▸ Stored data

+--

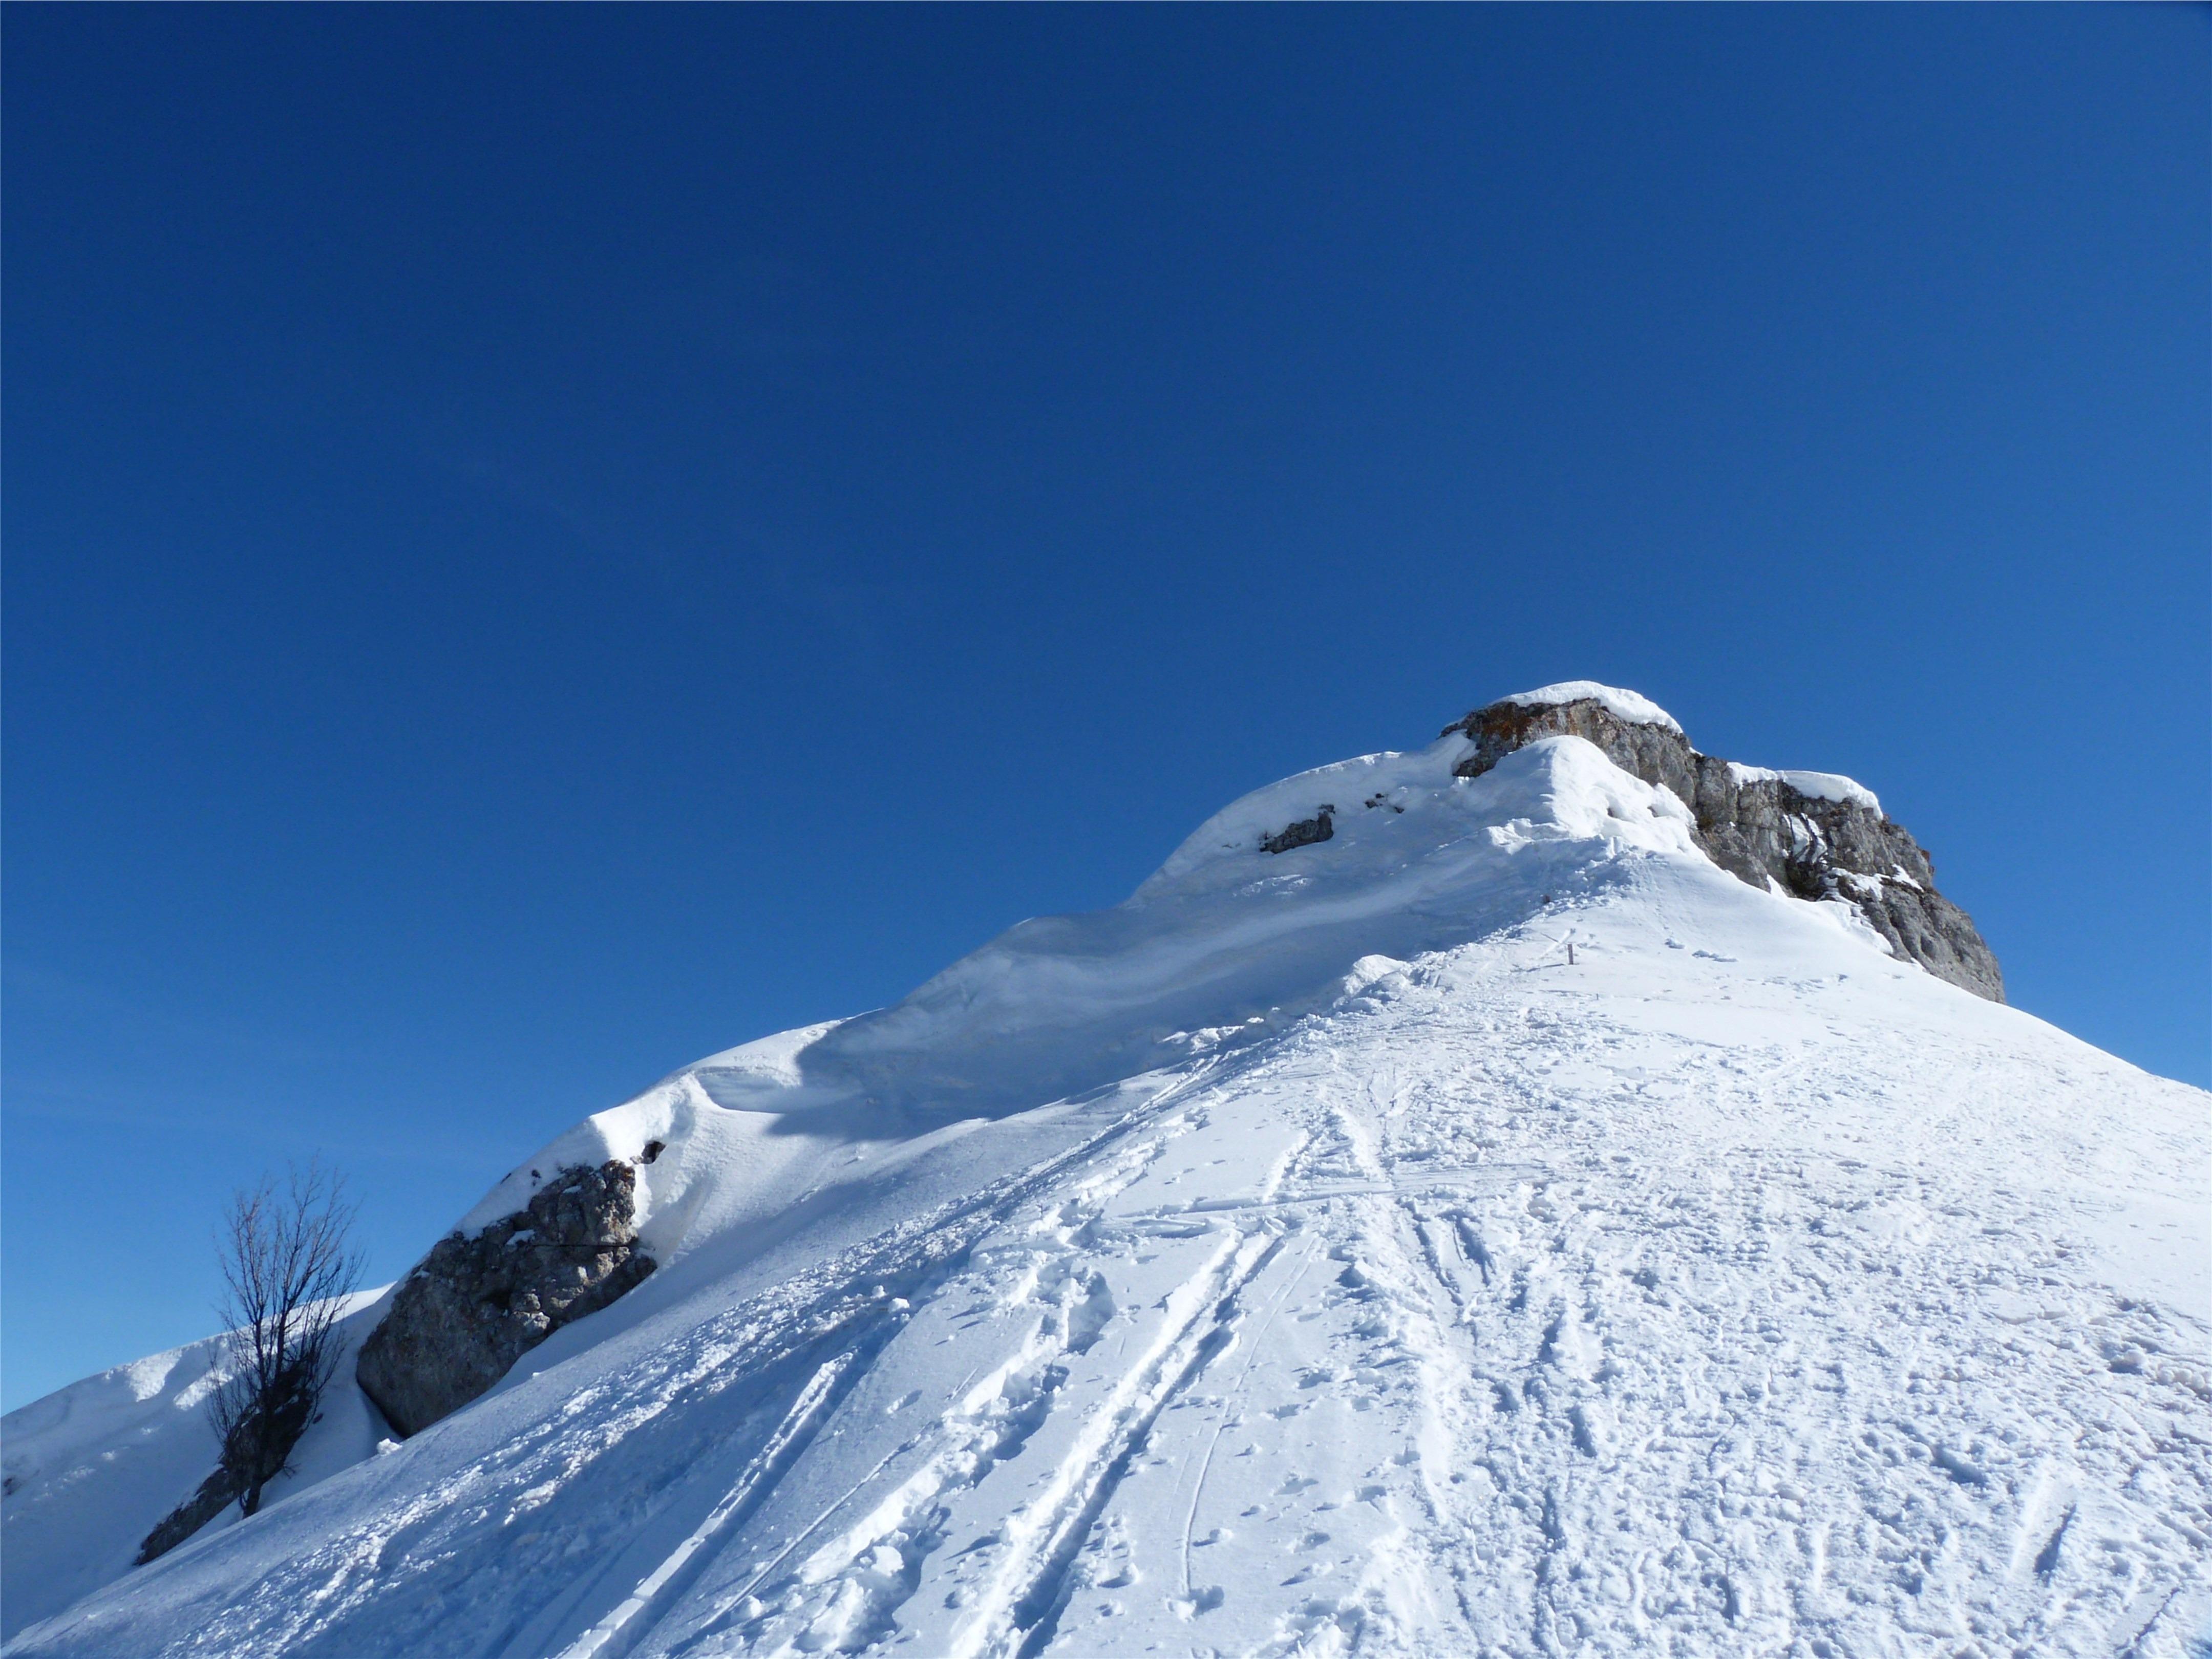 images gratuites paysage montagne neige hiver blanc cha ne de montagnes m t o ski. Black Bedroom Furniture Sets. Home Design Ideas
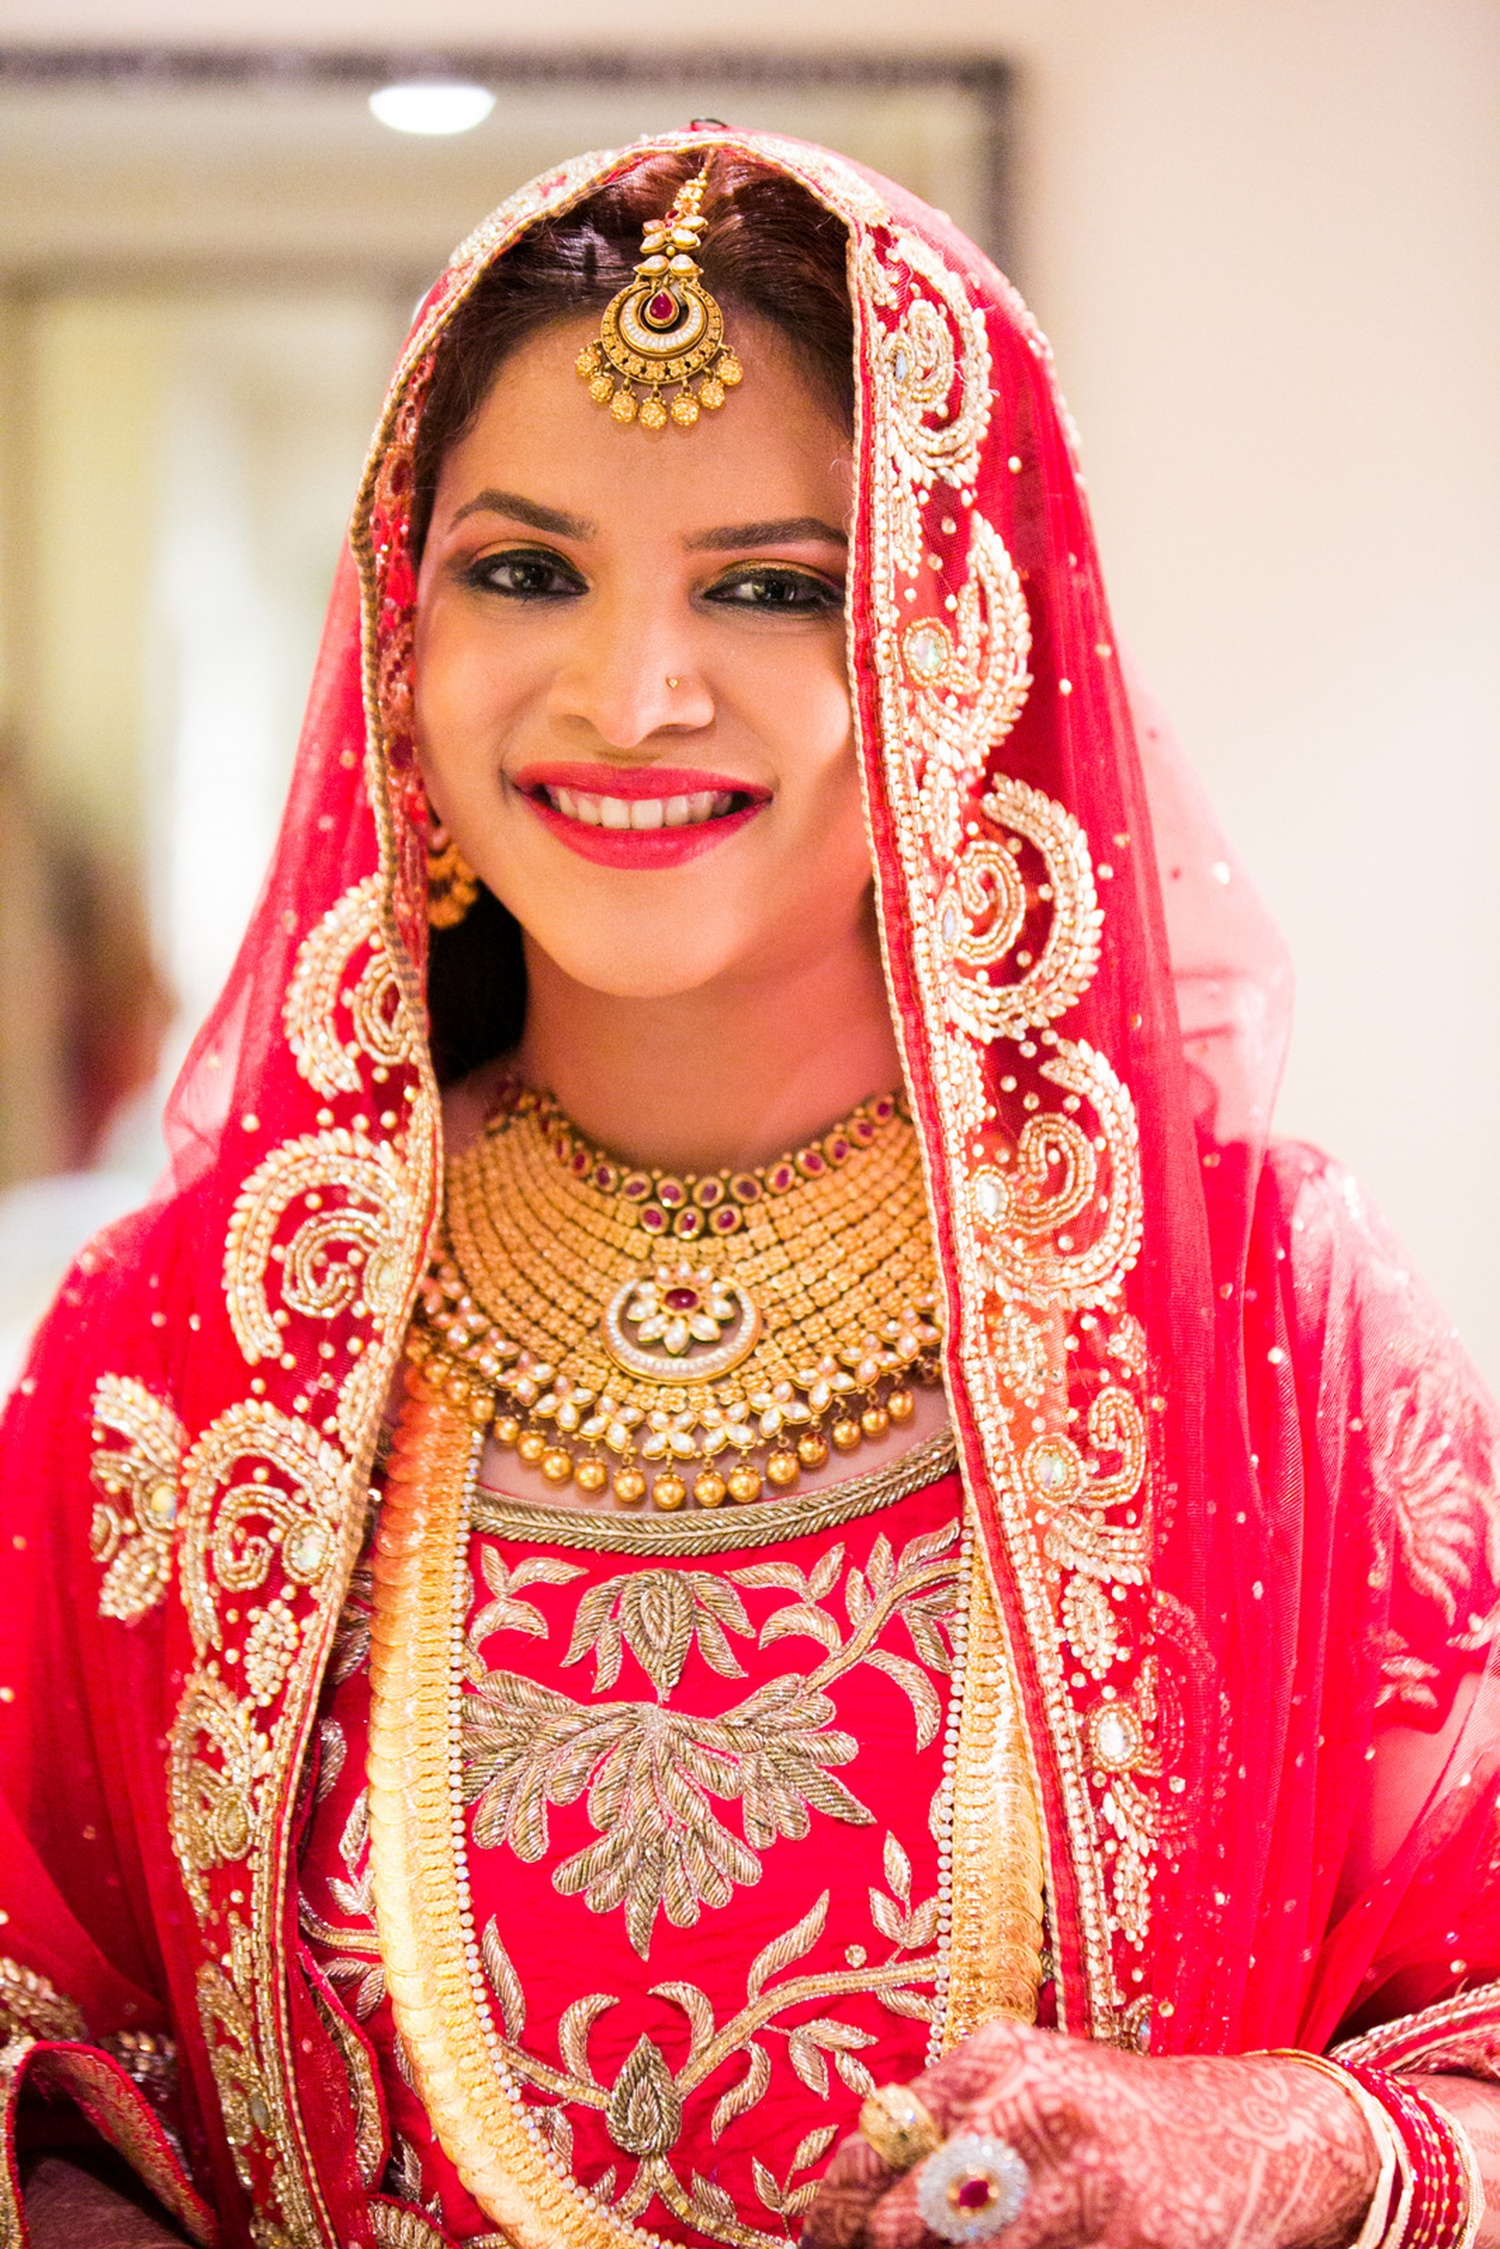 Queens Bridal, Bridal Makeup Artist in Bangalore   WeddingZ
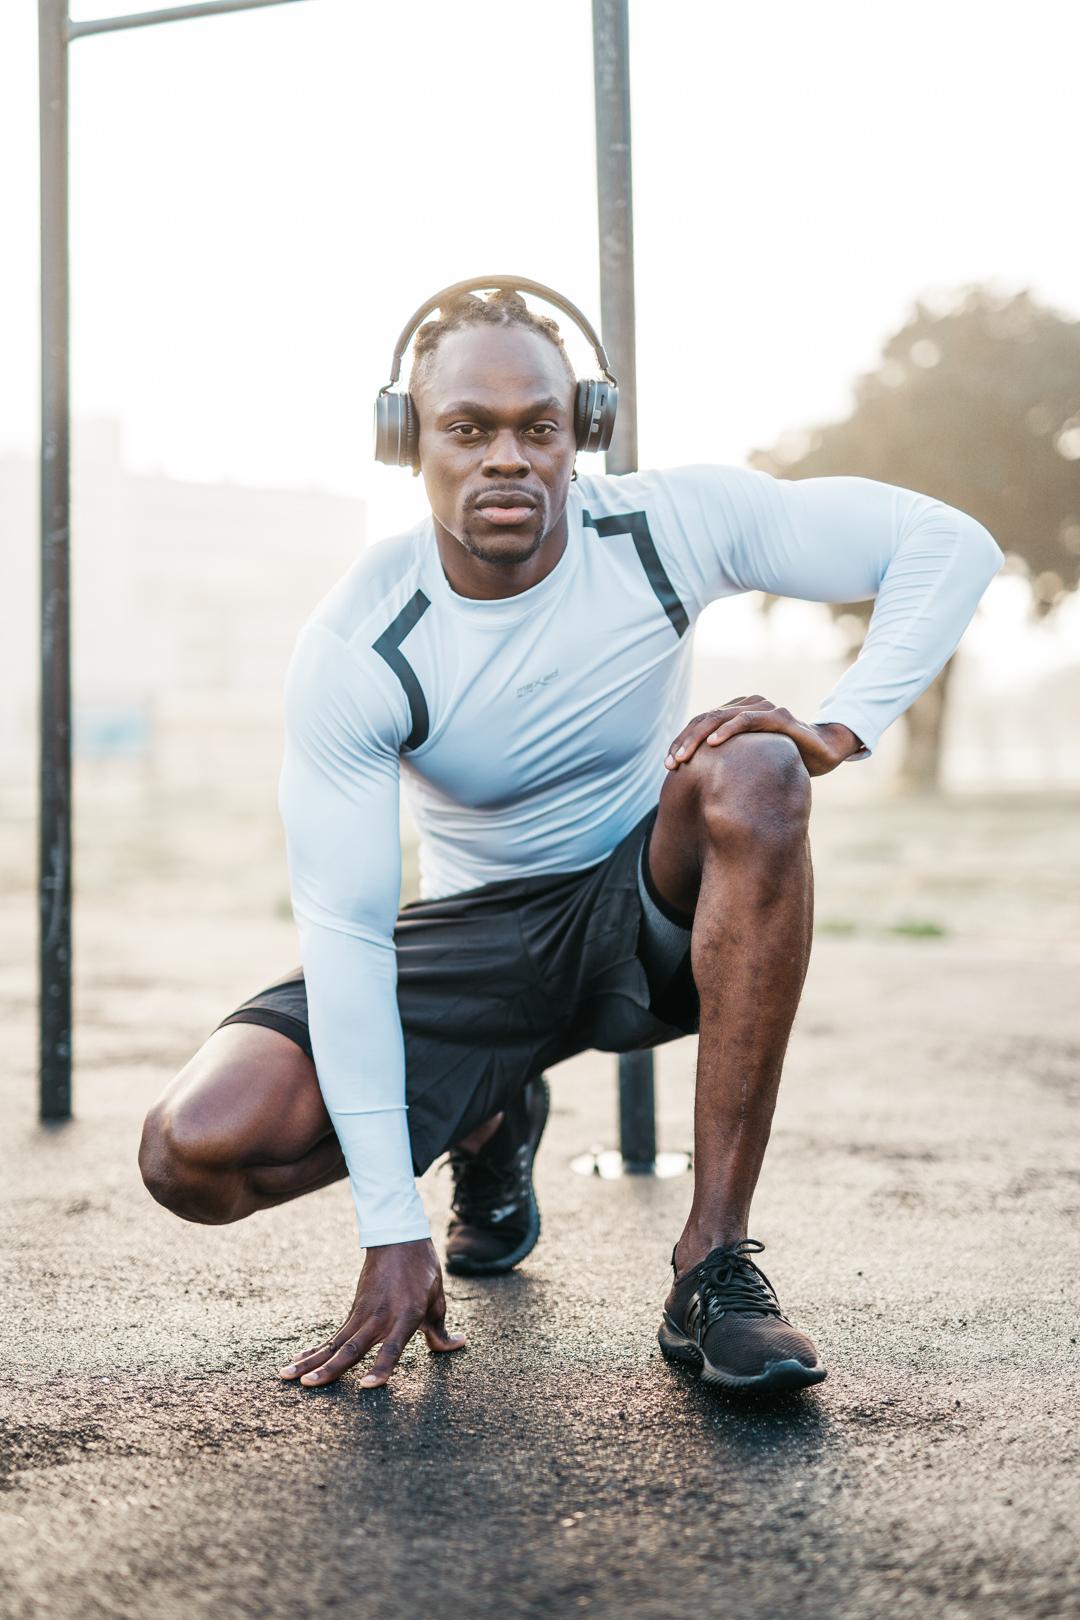 Fitness Portrait Photography Jose Bin - Cape Town Model - by Cape Image Co-13.jpg

+--

▸ Try it
The material must be restated verbatim. Its pictures must be omitted.

▸ Exercise response
 images gratuites paysage montagne neige hiver blanc cha ne de montagnes m t o ski. Black Bedroom Furniture Sets. Home Design Ideas
 Queens Bridal, Bridal Makeup Artist in Bangalore   WeddingZ
 Fitness Portrait Photography Jose Bin - Cape Town Model - by Cape Image Co-13.jpg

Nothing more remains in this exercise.